Who Does What? How to Quickly Adopt ITIL Roles and Responsibilities

The ITIL Guru sat at his desk, looking over the latest monthly IT performance summary. Since he was the Continuous Improvement Practice advisor, he tried to make sense of it. The phone rang.

"Good morning. How may I help you?"

"Hi, Guru. I am the new CIO, Bill. I met with the executive board today. After investing in an ITSM (IT Service Management) tool and ITIL 4 Foundation training, the board is concerned that our IT performance has not significantly improved. I understand that you came to our company with a lot of ITIL experience. Do you have any insights?"

"I was reviewing the performance summary when you called. You are right, and the reports do not show a significant change. There is only one reason for such an overall result. We have not fully embraced ITIL through roles and responsibilities."


ITIL Roles & Responsibilities

Photo Attribution: UncleFredDesign/Shutterstock.com

"Can you come to my office at noon? I will order sandwiches and invite my direct reports if you don't mind. I want to hear your advice."

"Yes. Noon and sandwiches work for me."

If ITIL is Not Producing the Results You Want, Look to Roles and Responsibilities

"Thanks for inviting me today. Bill asked me for my opinion on why our ITIL rollout is taking so long.

"First, I will give you my 30,000-mile view. I believe that the root cause was an incomplete launch of IT Service Management, best practices project. I am excited that Bill has recognized this and now wants to correct his predecessor's project.

"Of course, we did some key things right:

  • We purchase an excellent ITSM application that supports all ITIL practices.
  • We sent some staff to ITIL 4 Foundation training.
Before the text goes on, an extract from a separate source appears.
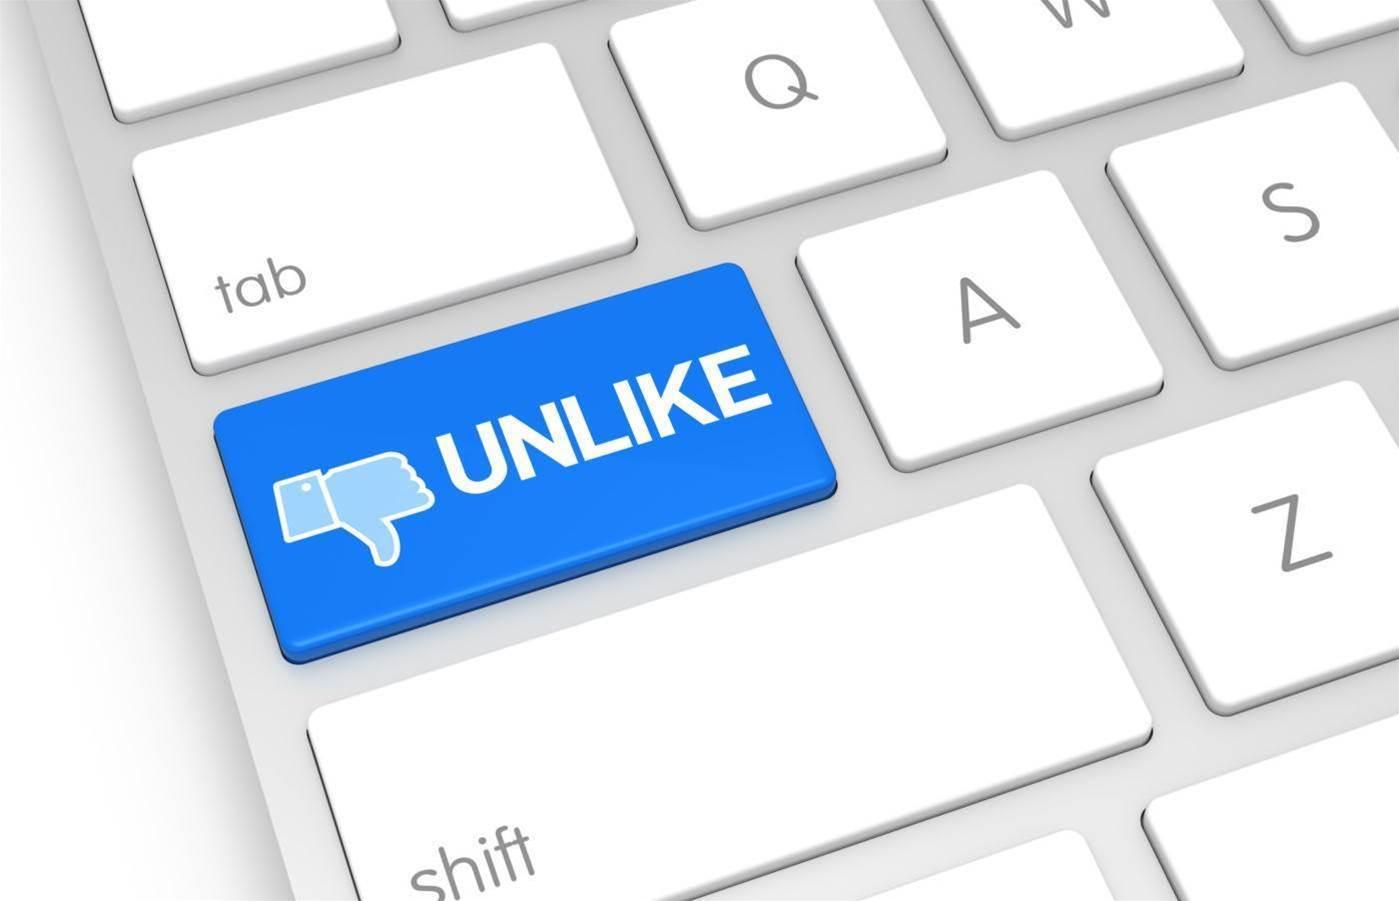 Facebook fixes password flaw, will still warn millions

"Areas where the project missed the mark:

  • We did not send senior IT staff to ITIL training. So now, there are no ITIL leaders.
  • We have not activated all ITSM Practices. We only licensed everyday ITIL Practices from our old tracking system. Of the 34 ITIL Practices that depend on each other, we only authorized eight Practices (less than a quarter).
  • We failed to assign new Foundation-trained people to improvement projects. They come away from training ready to apply ITIL best practices, and there is no one there to lead them. We lose the momentum.
  • We do not have a clear ITIL vision, goals, or a path to service excellence.
  • And lastly, we have not identified the important ITIL roles or assigned staff.

"Before I describe a simple solution, I don't want you to be too hard on yourselves. Regrettably, these are common failures in the ITSM space."

"As the new CIO, I agree 100%, Team. I am not one to look back and feel bad or wish it had been different. Instead, we should look forward and learn from our mistakes.

"The central issue is never strategy, structure, culture, or systems. The core of the matter is always about changing the behavior of people."

John P. Kotter, author of A Sense of Urgency.

Three Critical Roles for Optimizing Service Delivery

"Bill's mission statement is clean: IT's role is to provide business Information and Technology to deliver that information securely when and where the business needs it to meet business goals. The company cannot achieve greatness without a great IT department.

"Best practice recommends creating three ITIL roles before we do anything else.

 

ITIL SMS (Service Management System) Manager

ISO/IEC 20000 (The International Standard for Service Management)1 recommends that one person, the SMS manager, owns ITIL. The role is to ensure that IT delivers IT services as required. Therefore, the ITIL Service Manager is the company's person with the vision and knowledge to lead the ITIL project. The Service Manager should report directly to the CIO and share the same vision.

ITIL Service Owner

  • A Service Owner owns the service (e.g., Service Desk, service application, everything in the service catalog).
  • Service Owners are responsible for delivering the service within the agreed service levels (SLAs).
  • They are accountable for the continuous improvement of the service.
  • They may reside either within a business group (e.g., Purchasing Department) or within IT (e.g., Applications).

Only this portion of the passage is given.